The SpokenWeb Anthology

I. Introducing The SpokenWeb Digital Anthology

The SpokenWeb Digital Anthology showcases audio and video recordings of literary events from archives across Canada to promote new modes of listening to and engaging with these important artifacts. As SpokenWeb “aims to develop coordinated and collaborative approaches to literary historical study,” the anthology does exactly that through a collaborative digital edition of annotated audiovisual recordings from the SpokenWeb collection. Each project in the anthology annotates an artifact in sync with the time of the recording and theorizes new ways of understanding or contextualizing it.
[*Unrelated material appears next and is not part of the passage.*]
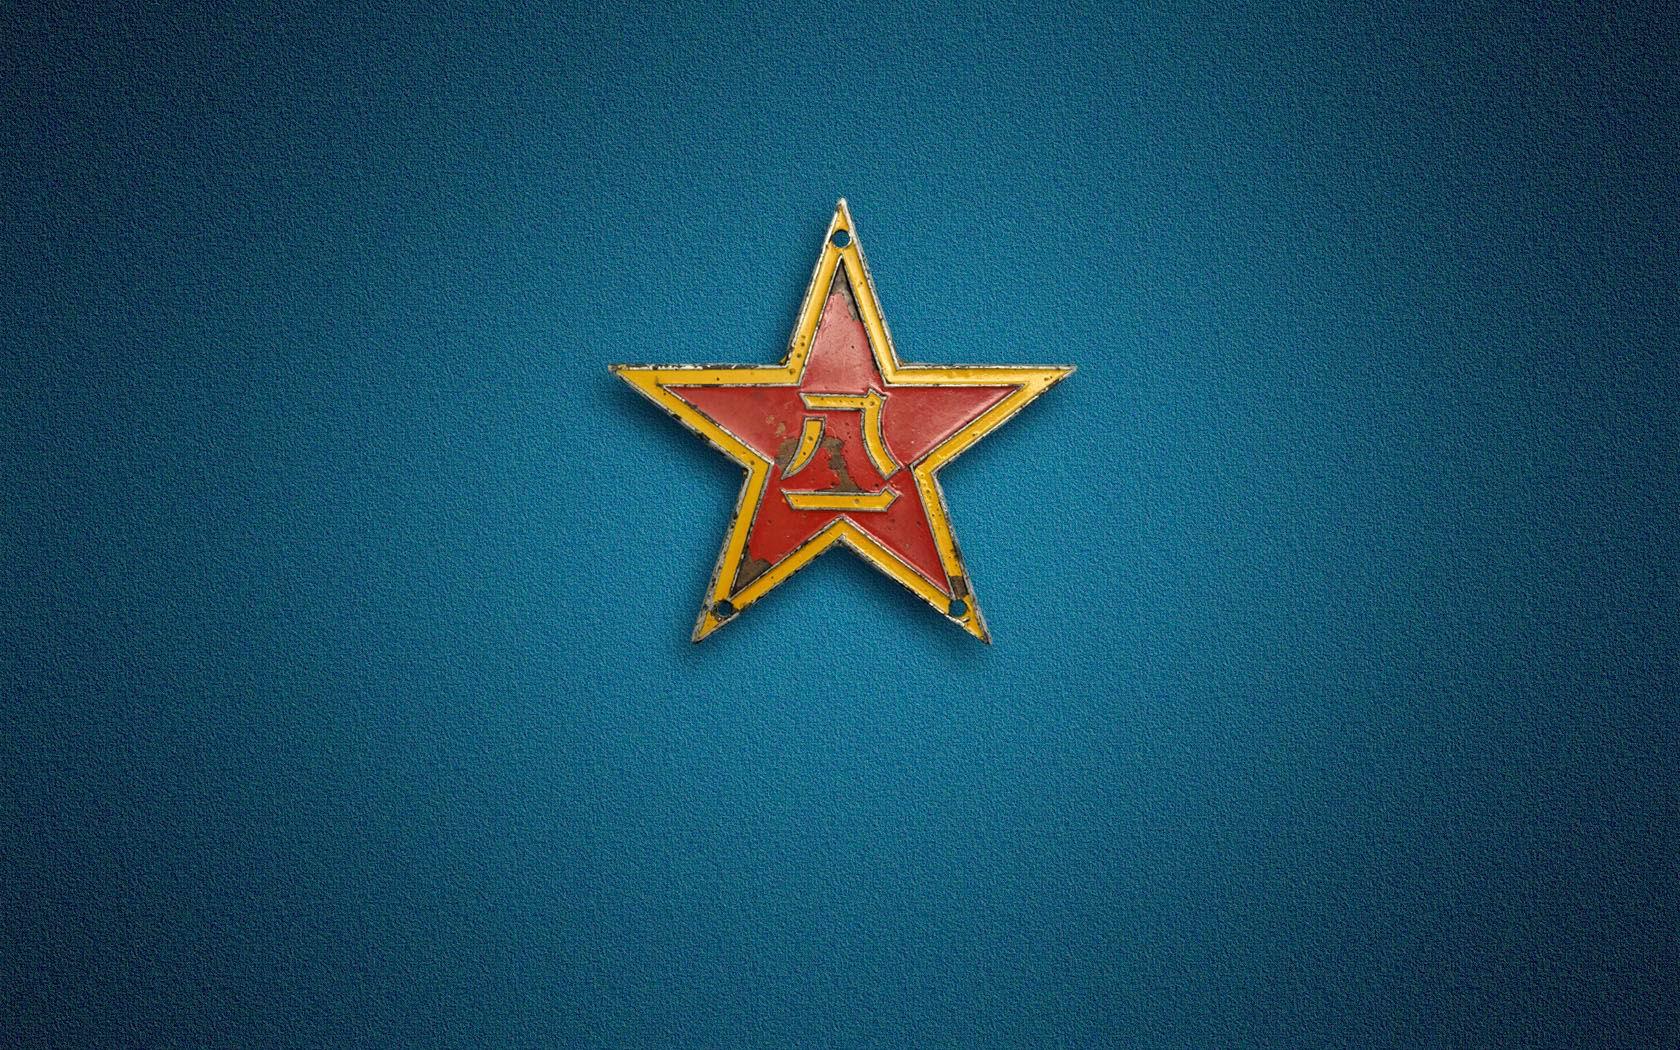 解放军高清壁纸_中国PLZ05式自行加榴炮高清壁纸图片4_陆军

These recordings are longer only a canister on a library shelf reserved for scholarly use or one recording among many on an academic library website; the audio and video recordings exhibited in The SpokenWeb Digital Anthology are made newly present through the writer, the reader, and the listener’s multimodal annotations. In conversation with one another, each project reframes what is heard, touched, and seen on these recordings.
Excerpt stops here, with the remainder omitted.